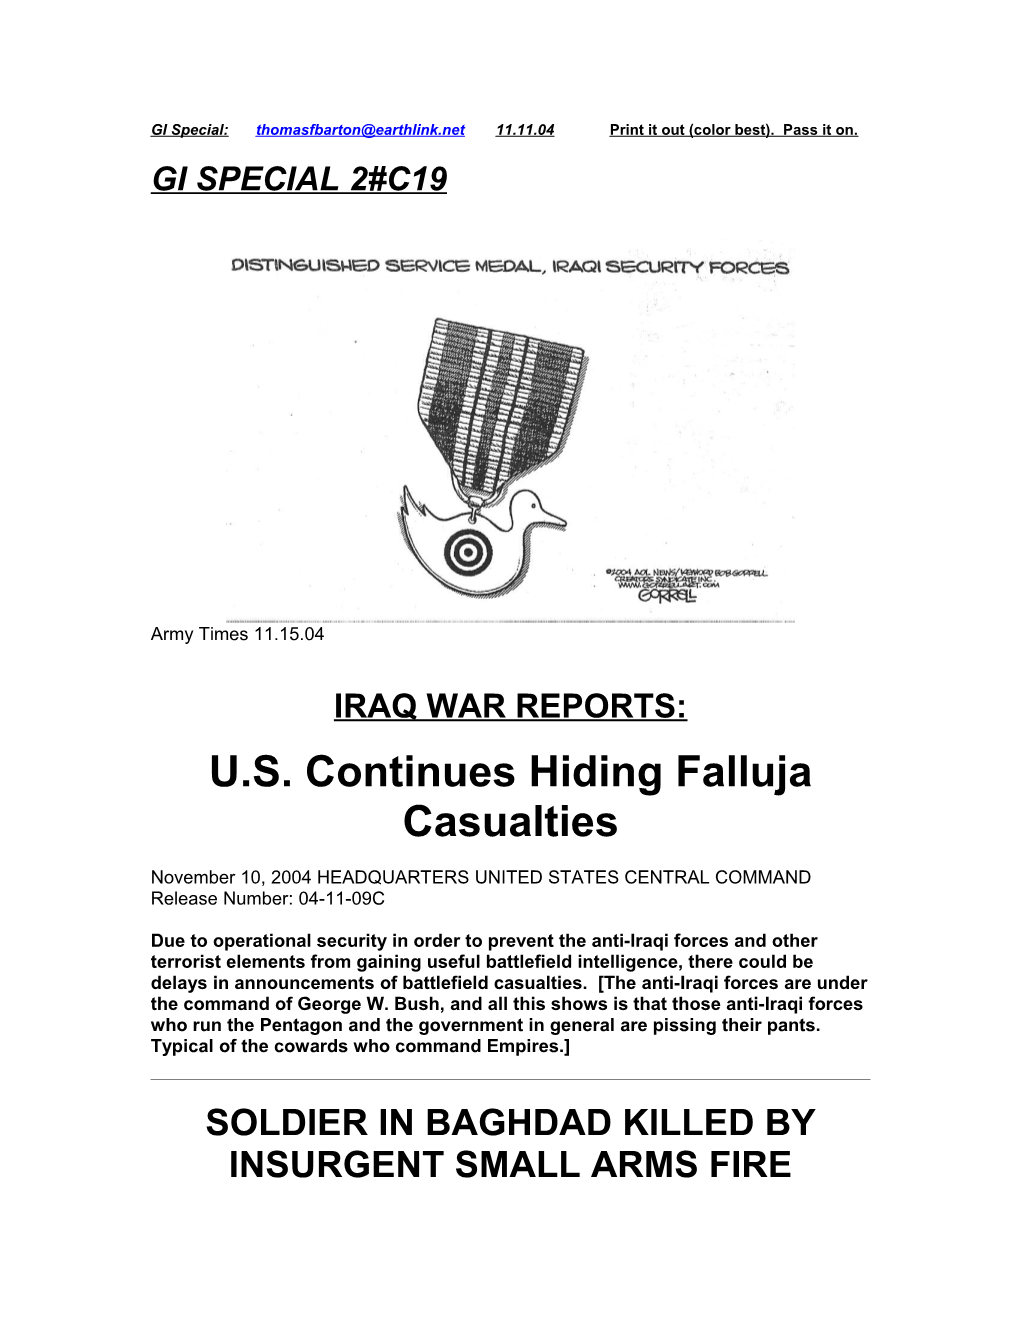 U.S. Continues Hiding Falluja Casualties
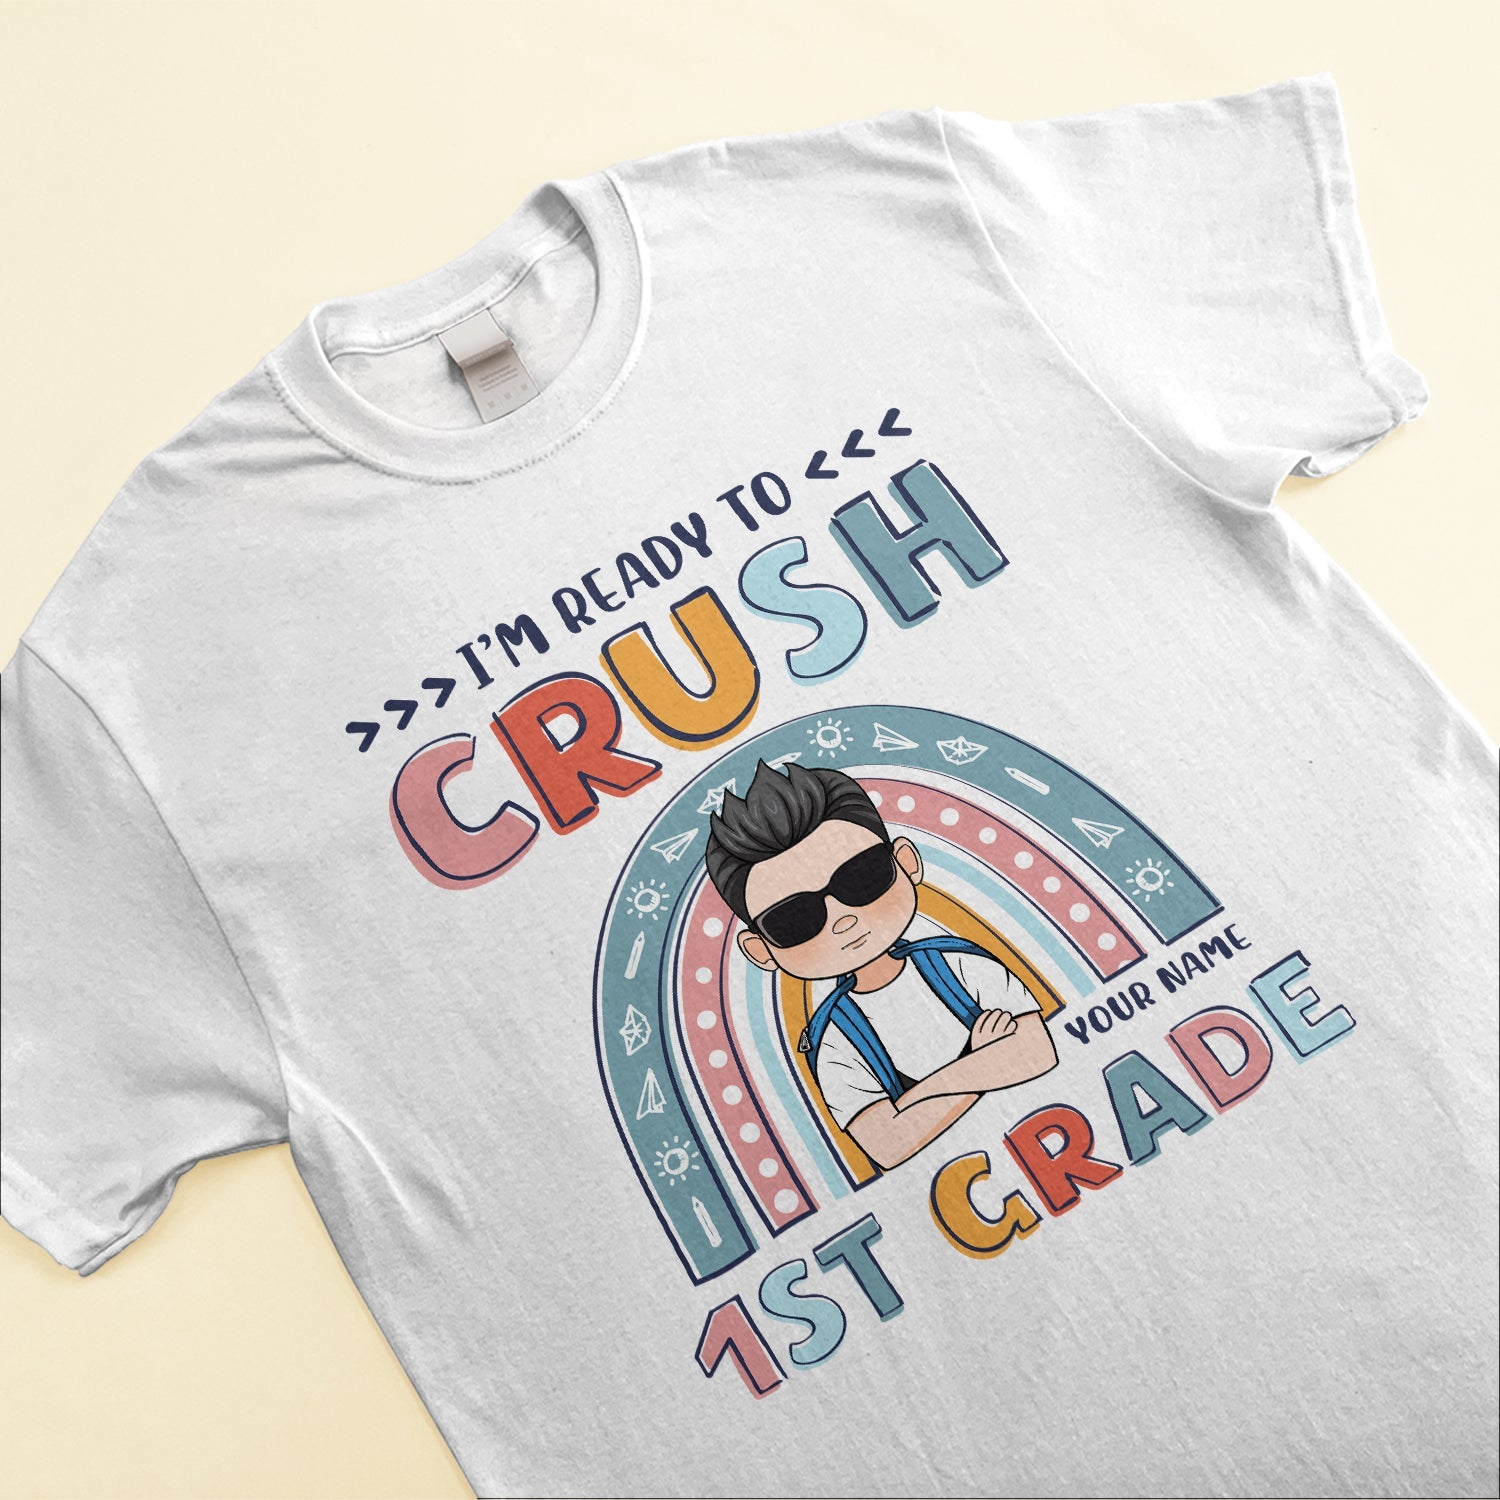 Iƒ??m Ready To Crush 1st Grade, Funny Custom Shirt, Preschool Gift For Kids-Macorner
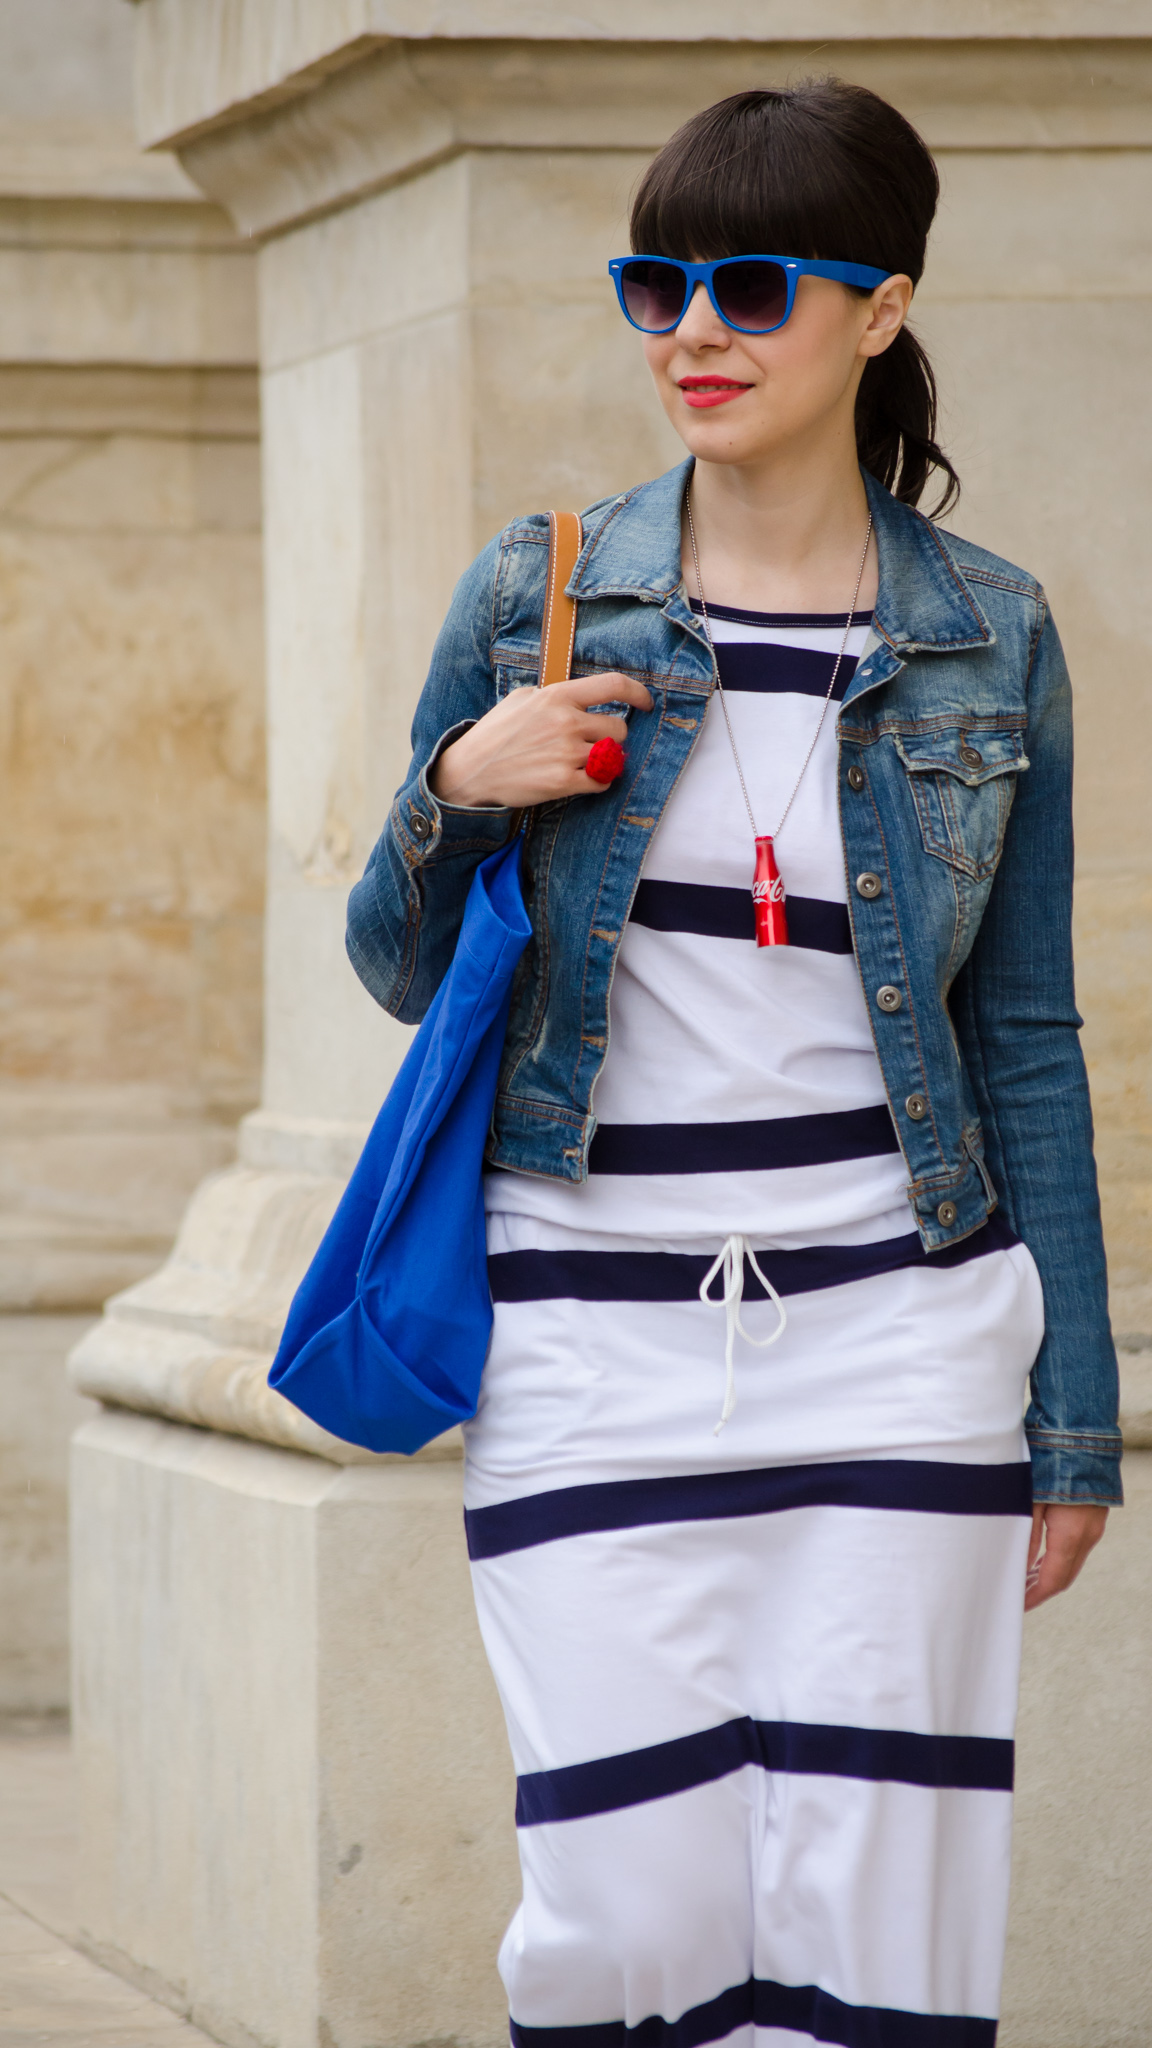 stripes maxi dress blue coca cola bottle converse red blue bag navy jeans jacket

=-=-=

● WHAT IS NEEDED
Print the data word for word and omit the pictures.

● WORKED SOLUTION
 U.S. Continues Hiding Falluja Casualties
 Iƒ??m Ready To Crush 1st Grade, Funny Custom Shirt, Preschool Gift For Kids-Macorner
 stripes maxi dress blue coca cola bottle converse red blue bag navy jeans jacket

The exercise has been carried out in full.